Consider an absolute vacuum in a rigid cylinder which is equal in temperature to a 20°C ambient.

Water’s saturated vapour pressure at 20°C is 2340Pa. For any measured water vapour pressure there is only ever one associated dew point temperature. Here the dew point temperature is 20°C; dew point just is another name for saturated temperature, the line separating liquid from vapour.

Add pure water vapour to the cylinder to a pressure of 1170Pa. Since the water vapour is the only gas within the cylinder the total pressure in the cylinder would be 1170Pa and, by the way, the dew point temperature, or saturated temperature associated with 1170Pa, would be 9.27°C

The relative humidity (relative saturation) in the cylinder would be the ratio of the actual vapour pressure to the corresponding saturated vapour pressure for 20°C.

The saturated vapour pressure is that pressure that is theoretically possible according to the ambient temperature if sufficiently more water were added to the cylinder such that two more molecules added thereafter would also condense two molecules.

So relative humidity is:

Pactual/Psaturated = 1170/2340 = 0.5 or 50%RH

Maintained Independencelace of Partial Pressures

If atmospheric pressure is 101325Pa then to bring the total pressure within the cylinder up to atmospheric pressure we could add 100155Pa of dry air, which, with the existing water vapour pressure of 1170Pa, gives us the total of 101325Pa, all still at 20°C.

It is fundamental to the understanding of Dalton’s law of partial pressures that while the total pressure does now exceed the equivalent saturated vapour pressure for water at 20°C, being 2340Pa, the water vapour’s actual partial pressure remains at 1170Pa and so too the cylinder’s relative humidity remains at 50%. No condensation takes place, in fact, for reasons beyond the scope of this article; condensation is now even less likely.

If the water vapour pressure in the cylinder before adding dry air was instead a higher 2320Pa, meaning the dew point temperature was a higher 19.9°C, the relative humidity in the cylinder both before and after adding dry air would be 2320/2340 = 99%RH. Again, despite the relative humidity being so high no condensation would have occurred with any addition of dry air.

An Everyday Example Implication

When adding nitrogen to a system for pressure leak testing where a trace of the system’s refrigerant remains after recovery, the trace vapour will not condense regardless of how much nitrogen pressure is added to the system.

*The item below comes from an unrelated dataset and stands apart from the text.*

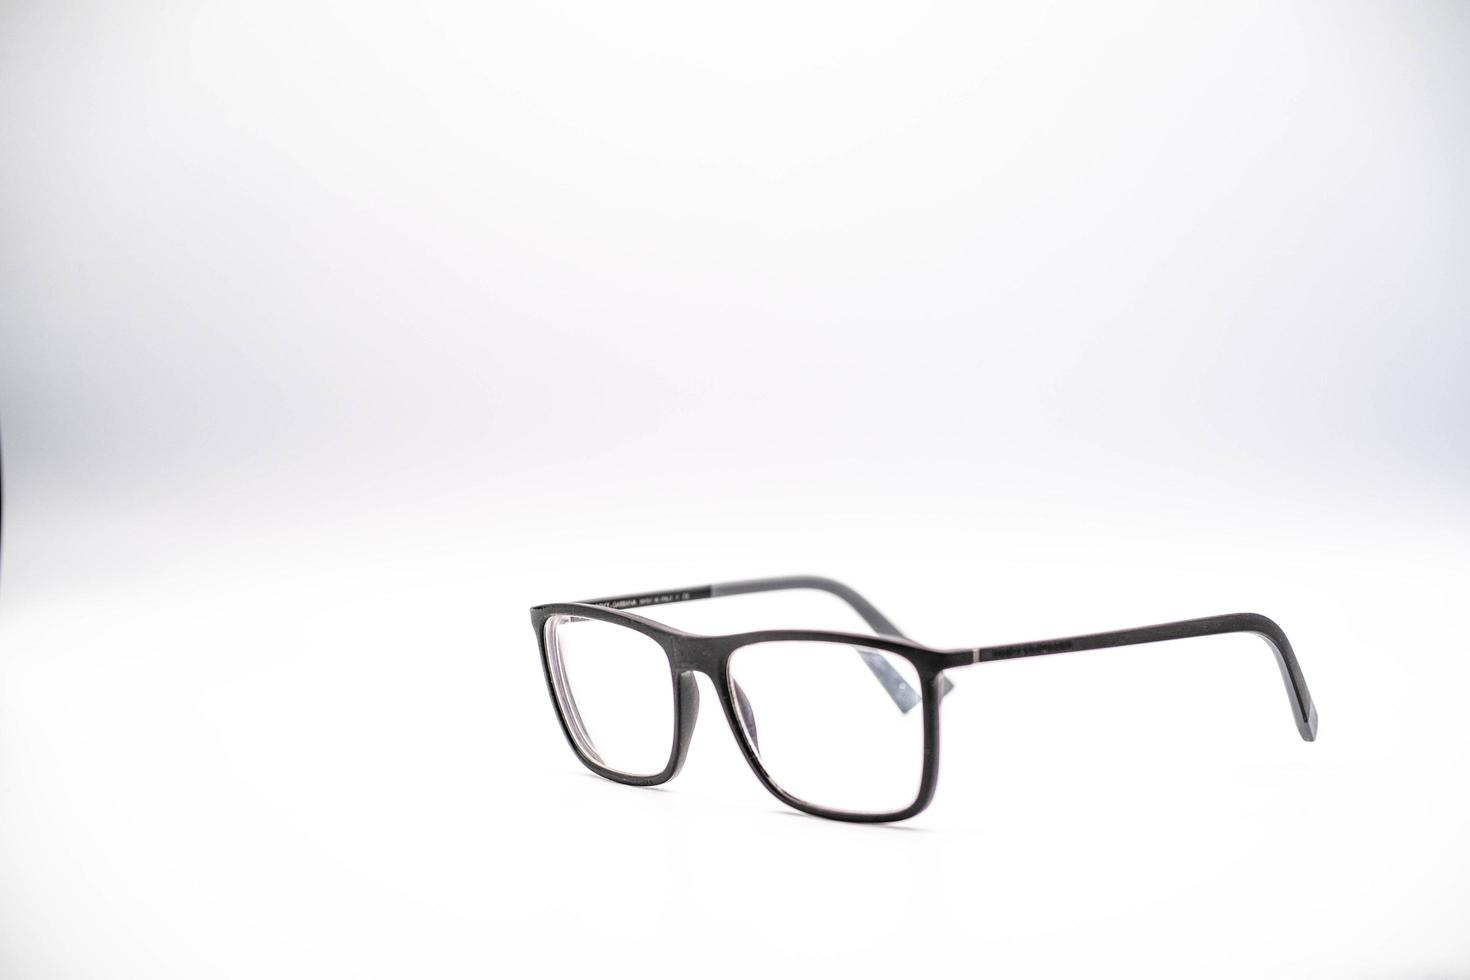 svart glasögon med en tjock fälg fotograferad mot en vit bakgrund, under en Foto skjuta i januari 2023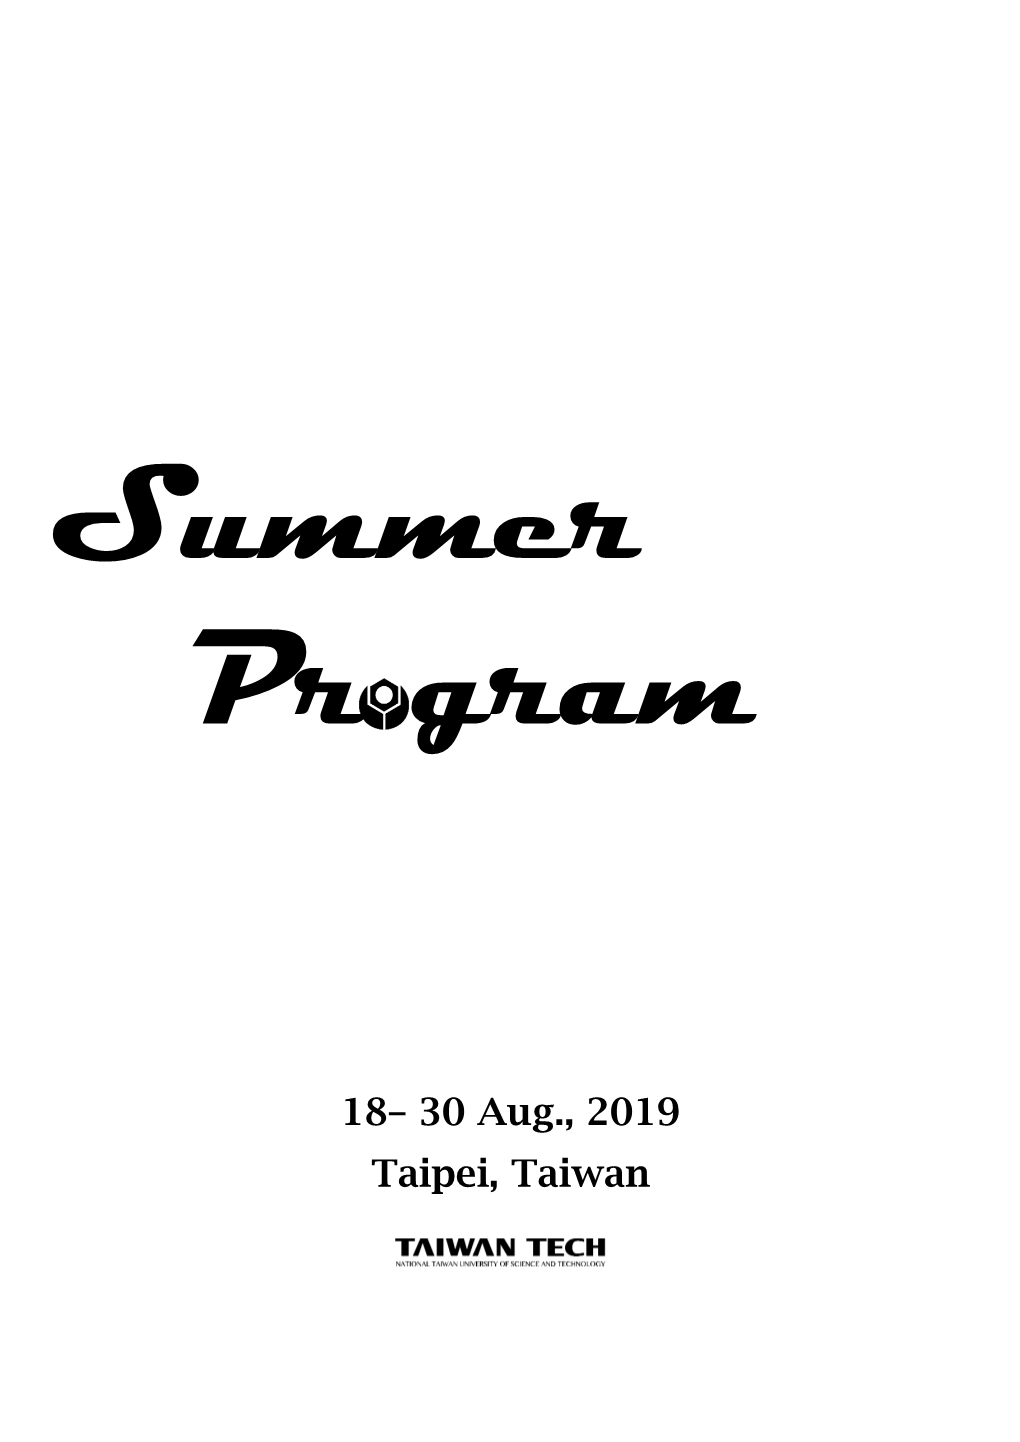 Taiwan Tech Summer Program 2019

If the refrigerant in the system was R22 while the ambient temperature was still 20°C and the system charge was recovered until the remaining system pressure equalled atmospheric pressure then the R22 vapour relative humidity (relative saturation) remaining in the system would be:

Pact/Psat = 101325/909325 = 0.11 or 11%RH

Dalton’s law predicts that this relative humidity (relative saturation) will not change regardless of how much other gas you add to the system. Thus you cannot condense any amount of the trace gas with any amount of added nitrogen, so, the trace gas will continue to be of use for leak detection by methods seeking leaking refrigerant traces.

[DTLarca]

Now that I can edit I decided to move what was here up to beneath what is above...

[mad fridgie]

Very well written, and correct of course!
RH is very difficult for many to understand, hense the "sponge" Ok I understand you not your method.
What need to be brought into the sponge equation that the pressure reduces the sponge volume, thus changes the partial pressure of a fixed mass of water/refrigerant (A while since i was schooled "Boyles law"??)

[DTLarca]

Very well written, and correct of course!
RH is very difficult for many to understand, hense the "sponge" Ok I understand you not your method.
What need to be brought into the sponge equation that the pressure reduces the sponge volume, thus changes the partial pressure of a fixed mass of water/refrigerant (A while since i was schooled "Boyles law"??)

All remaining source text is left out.